Input matrix with C-scores of the top 50 mutated genes. The heat map shows the most heavily mutated 50 genes. The columns represent patients (358) and rows represent genes. One of the challenge of the dataset is being extremely sparse which can be seen in the heat map as most of the cells are colored very close to blue, which indicates a 0 (C-score) mutation score, with the exception of the first few columns. We identified that the main data structure is composed of 96 % zeros

Fig. 3

Coefficient matrix (H). The coefficient matrix (H), 3 × 358 in size, is used for assigning samples to clusters. The columns of the matrix represent patients and rows represent metagenes. We generated 3 metagenes that are used to cluster patients into 3 groups. The number of metagenes (rank of clustering) is determined by running the algorithm iteratively over a range of biologically reasonable parameters as explained in methods section

Figure 4 illustrates the stability of the clustering by displaying the consensus matrix, which was generated after 100 NMF runs using Brunet’s [22] approach (explained in methods section). We used the silhouette score of consensus matrix to determine the optimum number of genes and clusters. In an ideal clustering case, we expect to observe values either close to 1 or 0, indicating the probability of two samples being in the same cluster or not, respectively, which displays solid colored blocks. A value of one represents the highest probability that two samples are in the same cluster (red blocks) and the value of zero denotes the opposite (blue blocks). In Fig. 4 it can be seen that the dataset is clearly clustered into three distinct groups.

Fig. 4

Consensus matrix. The consensus matrix is 358 × 358 in size and illustrating the stability of the clustering. In ideal case, all the entries are expected to be either 0 or 1, making solid colored blocks. The bar on top indicates the clinical stage of each patient. The Silhouette score of this matrix is 0.958 which indicates a very stable clustering. (Silhouette (consensus) = 0.958)

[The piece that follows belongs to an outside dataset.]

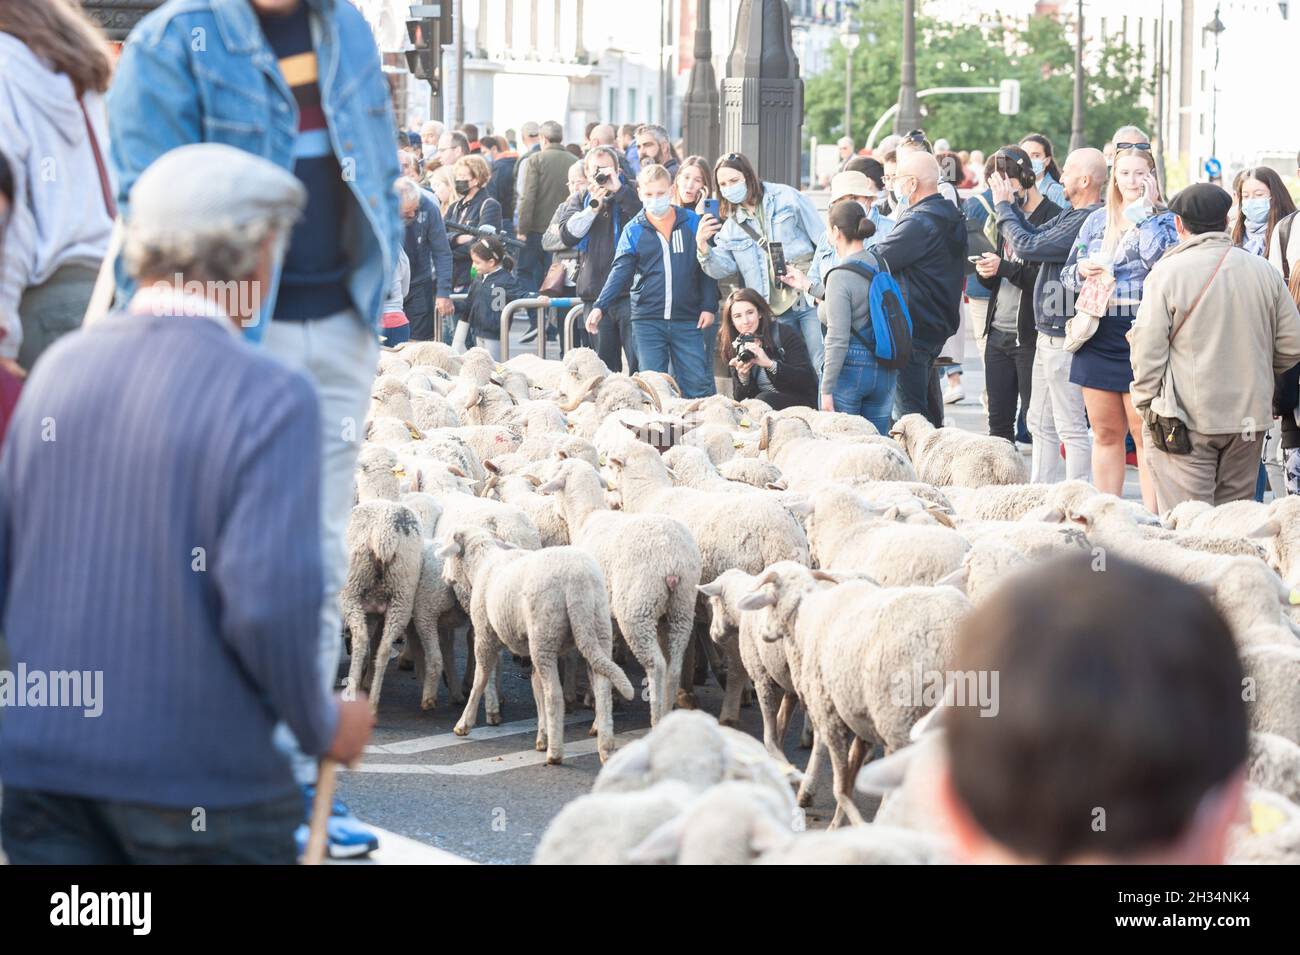 Madrid, Spain; October 24, 2021: Vindication of Transhumance in the center of Madrid. Sheep and goats walking through the streets of downtown madrid l Stock Photo

Characterization of discovered clusters

We investigate the clinical significance of discovered clusters by comparing the BC stage of the patients in each cluster. For this purpose, we analyze the distribution of patients according to their disease stage provided in the TCGA data. We found that Cluster 1 was dominated by early stage patients while Cluster 3 had much higher proportion of late stage patients compared to Cluster 1 (Fisher’s exact test p-value = 0.02048, Table 1). As can be seen in Table 1, the number distribution of patients in each cluster with stage ratio (number of early stage patients over late stage patients) for Cluster1 is more than two-fold higher than that of Cluster 3; hence here we call Cluster 1 as the early-stage-enriched cluster, Cluster 2 as the mixed cluster and Cluster 3 as the late-stage-enriched cluster. This separation of patients by their disease stage indicates that our clustering method can successfully discriminate breast cancer patients by their disease stage using only the somatic mutational profiles of patients from their exome sequencing data.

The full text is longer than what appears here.